• **Action item**: Line by line, the data below should be set down unchanged, with images excluded.

─── Data shown

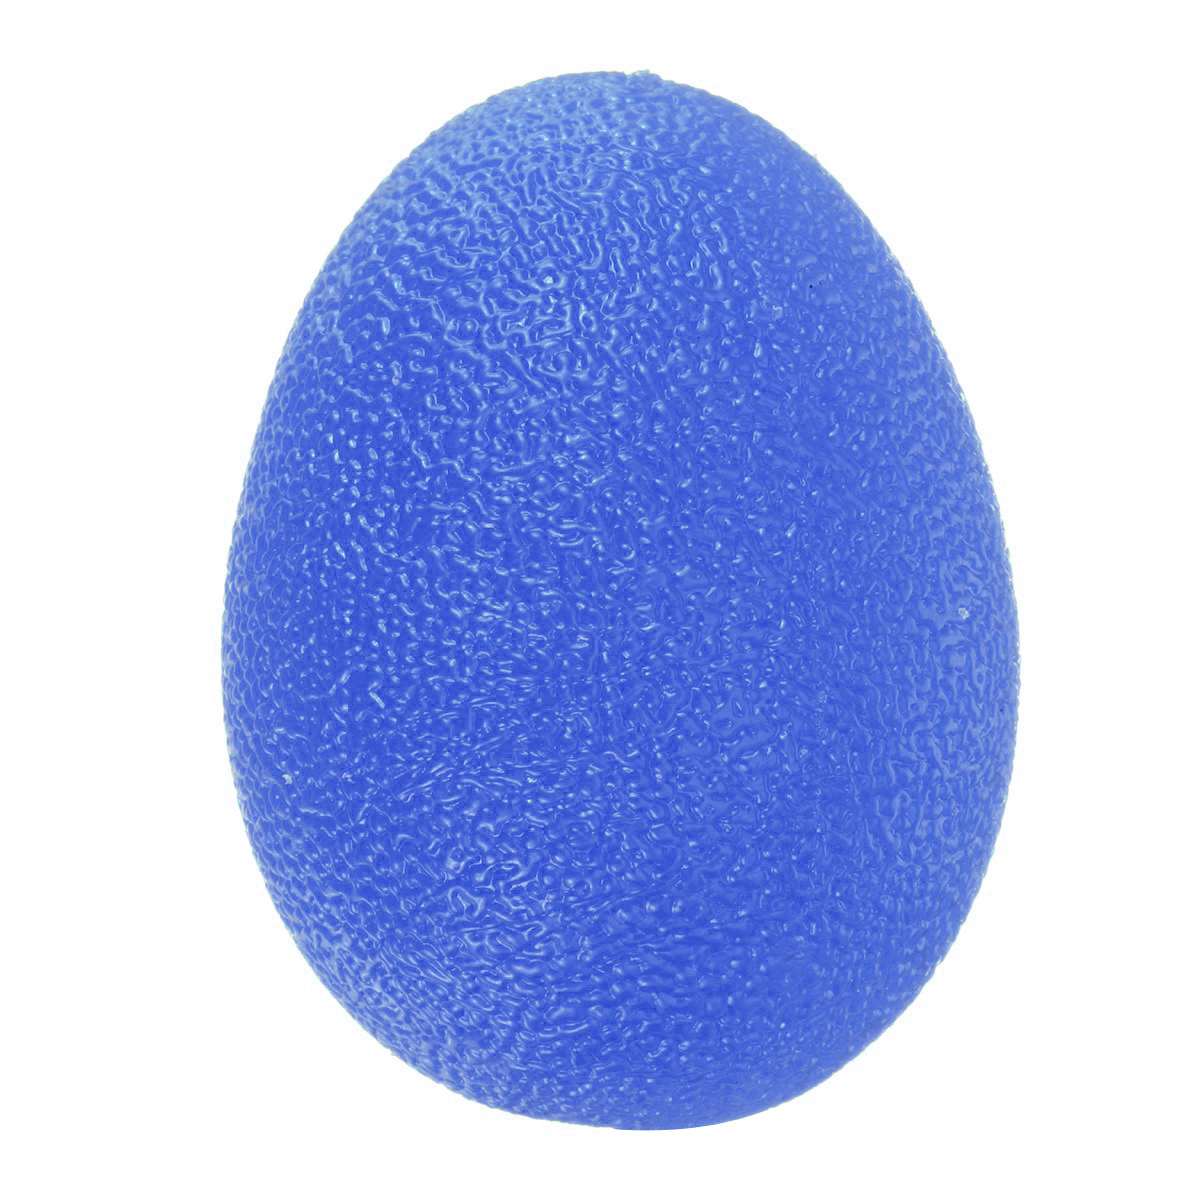 1 stk 58mm ægform stresskugler håndterapi træning klemme kugler stress relief greb forstærker bolde muskeltræning: Blå
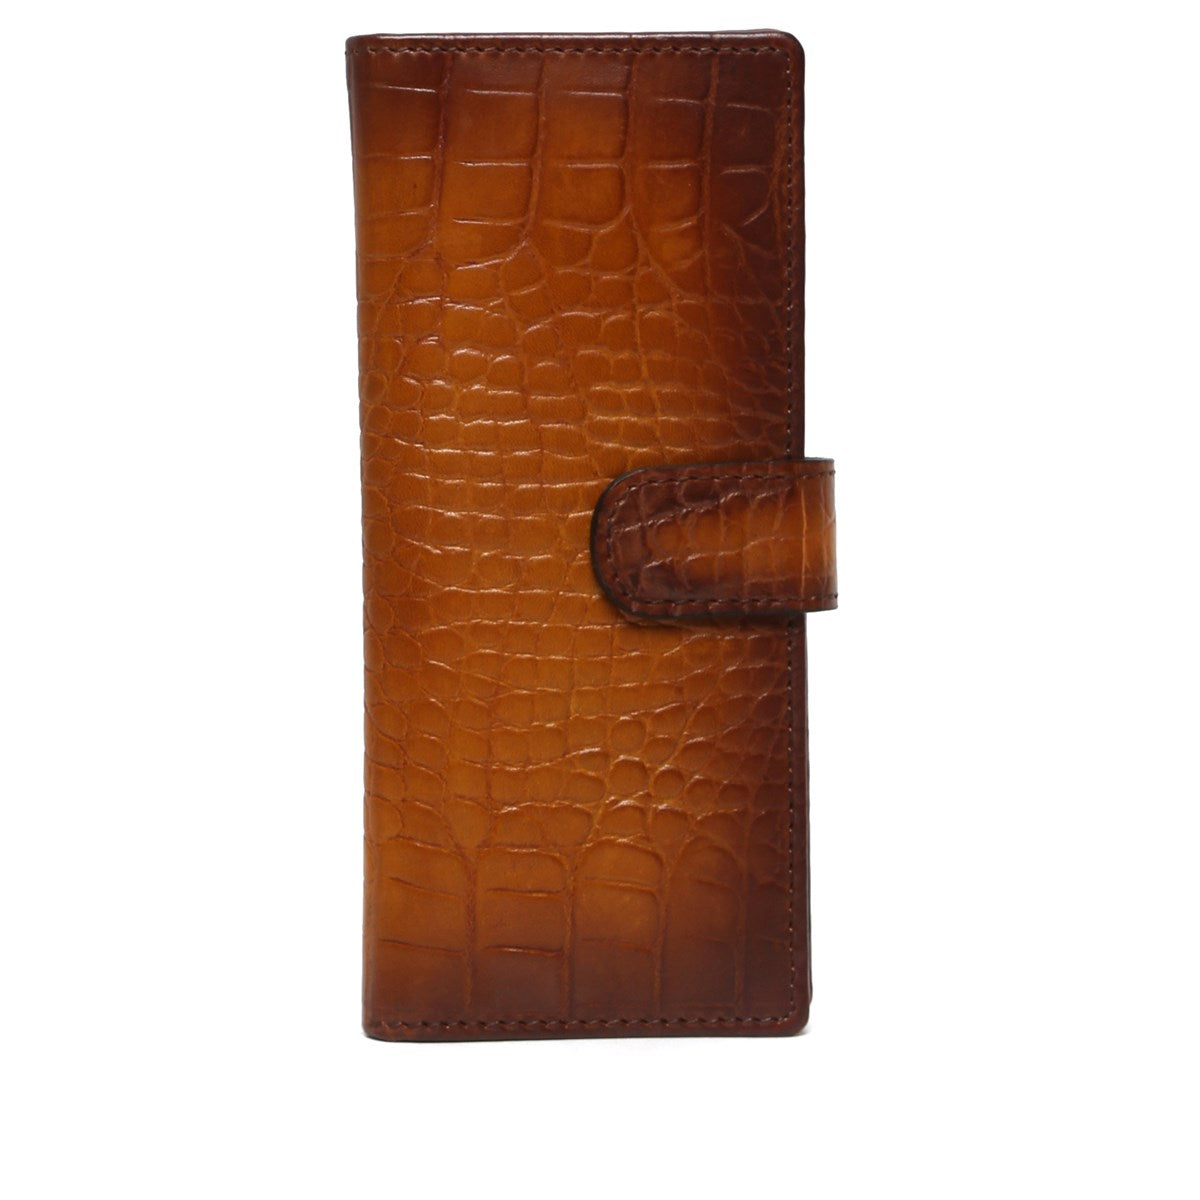 Tan Croco Print Leather Long Wallet
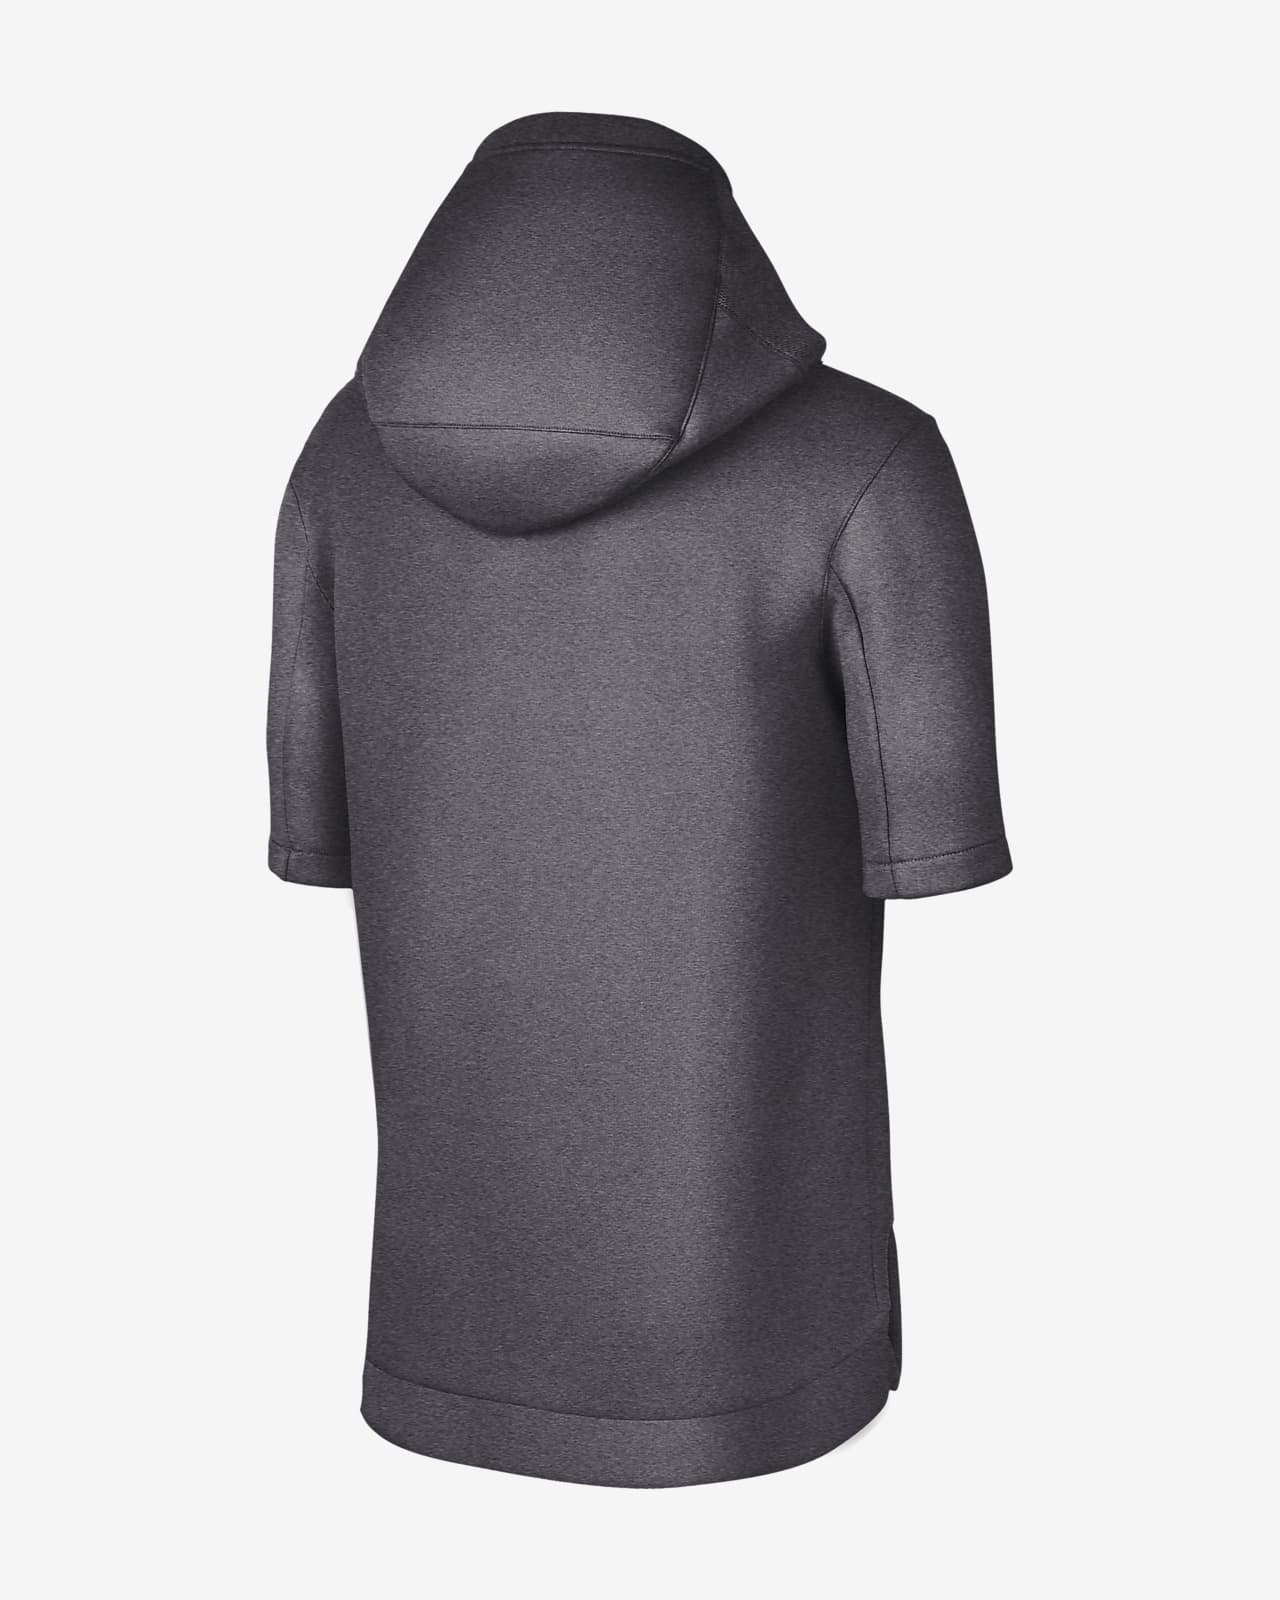 Men's Short-Sleeve Hoodie. Nike.com

──────

• **Result of this exercise**:
 1 stk 58mm ægform stresskugler håndterapi træning klemme kugler stress relief greb forstærker bolde muskeltræning: Blå
 Tan Croco Print Leather Long Wallet
 Men's Short-Sleeve Hoodie. Nike.com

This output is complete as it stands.